Notícia atualizada

A ERS Norte e o Conselho de Administração do Instituto Português de Oncologia do Porto desmentem que o IPO esteja a adiar cirurgias por falta de verbas e, consequente, redução do número de câmaras.

 

Num comunicado enviado às redações esta quarta-feira, as entidades esclarecem que «quando é referido que ' … o adiamento de cirurgias afeta principalmente quem sofre de cancro da mama, próstata e aparelho digestivo', categoricamente informamos que a notícia é totalmente desprovida de veracidade», explicando que «em resultado de uma taxa de ocupação de camas alta, pontualmente, tem sido necessário adiar algumas cirurgias programadas, mas, mesmo assim, logo que possível, são remarcadas ou realizadas em produção adicional, impedindo deste modo, qualquer prejuízo para os doente». 

 

No comunicado realçam que «a média, em termos de tempos de espera, nas diferentes especialidades, é da ordem de um mês e meio» e que «10 das 20 camas» passaram para a gestão da Rede Nacional de Cuidados Continuados Integrados.

 

Acrescenta ainda o comunicado que a «referida Unidade Hospitalar tem vindo a apresentar uma evolução positiva e, em termos de benchmarking, considerada de excelência».

 

Esta comunicação surge na sequência de uma notícia divulgada pela RTP, que foi ouvir o presidente do Conselho de Administração do IPO Porto.

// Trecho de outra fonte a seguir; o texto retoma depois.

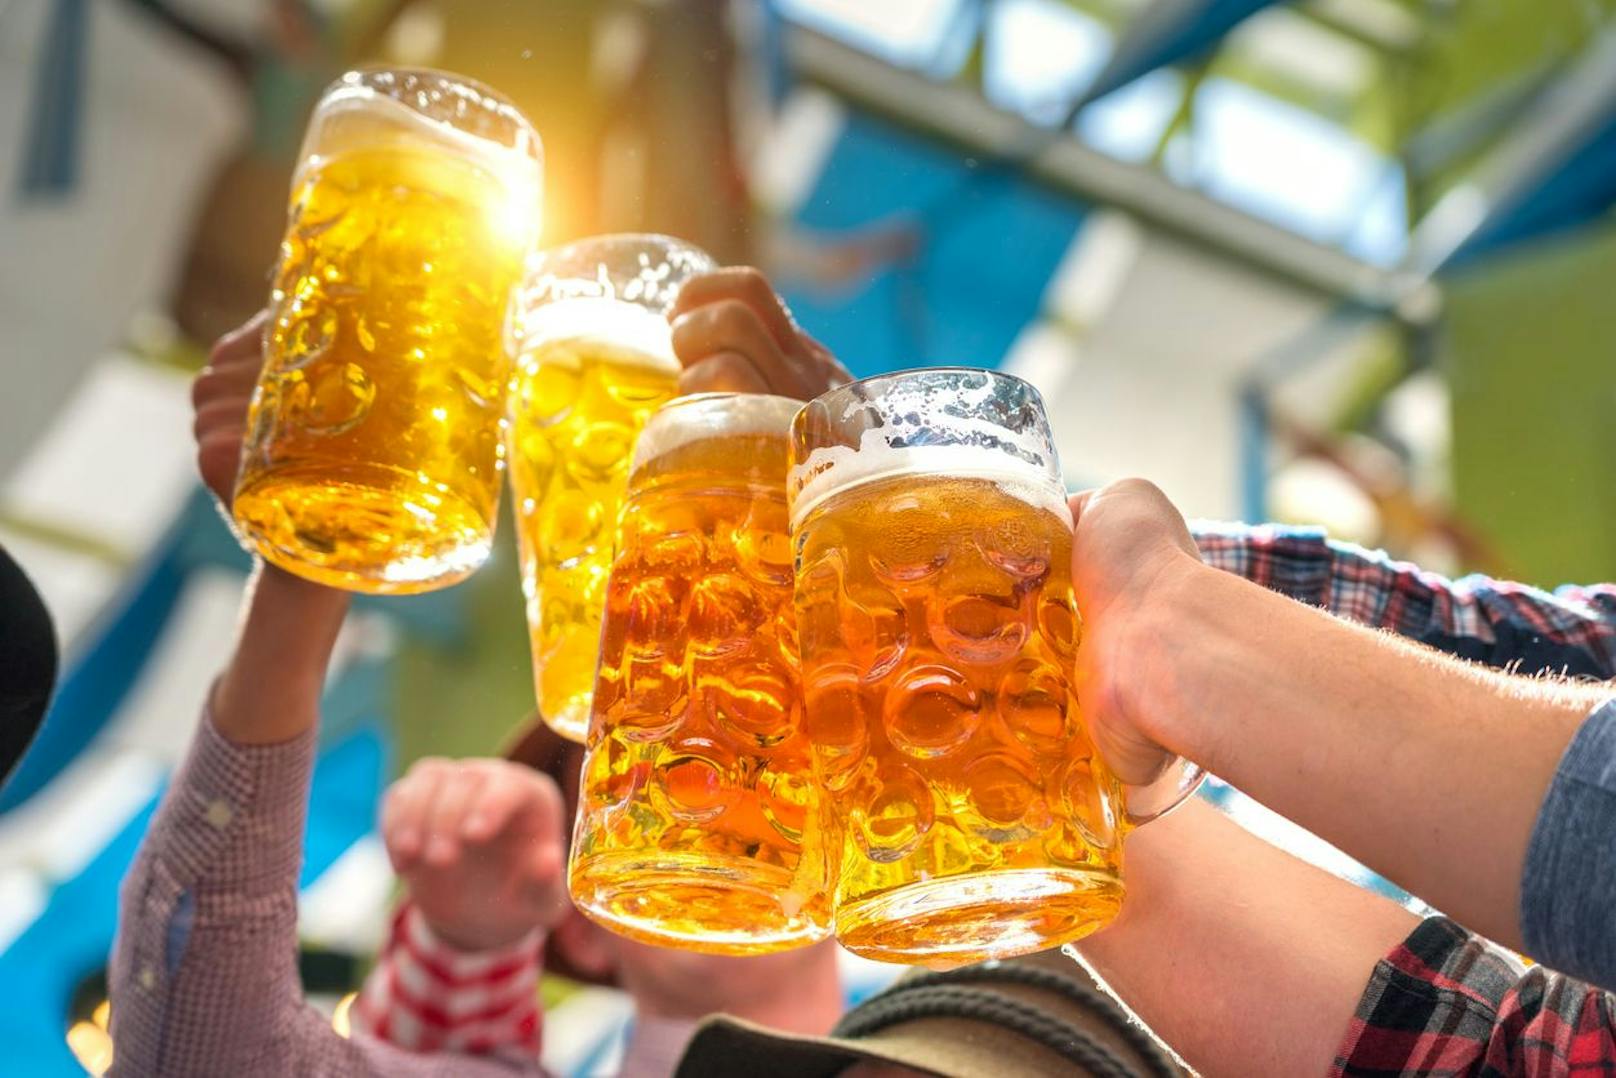 Der Bierkonsum ist in Österreich im ersten Halbjahr im Vergleich zum Vorjahr zurückgegangen. (Symbolbild)

A peça revelava que o IPO do Porto estava a «adiar cirurgias por falta de camas», «por causa das restrições orçamentais», afetando doentes com «tumores na mama, próstata e aparelho digestivo» e que os «responsáveis já tinham de reduzir número de camas nos cuidados paliativos para aumentar resposta às cirurgias».

 

PCP questiona adiamento de operações 

 

O grupo parlamentar do PCP apresentou esta quarta-feira no Parlamento cinco perguntas dirigidas ao ministro da Saúde sobre as notícias que dão conta de adiamentos de operações cirúrgicas a doentes no Instituto Português de Oncologia do Porto.

 

«Quantas cirurgias foram adiadas nos últimos meses por causa do número insuficiente de camas?», «quantas camas foram reduzidas nos últimos três anos?» ou «que medidas vão ser tomadas pelo Governo no sentido de ser ultrapassada a situação?» são algumas das questões.

 

O PCP considera que a situação «está fortemente associada aos problemas decorrentes do subfinanciamento crónico ao Serviço Nacional de Saúde (SNS), de carência de profissionais de saúde» e, «no caso concreto do IPO, à política de redução de camas».

 

«Os sucessivos cortes de financiamento aplicados ao SNS e a não contratação de profissionais de saúde em falta empurram cada vez mais portugueses para a ´morte prematura'», lê-se ainda no requerimento.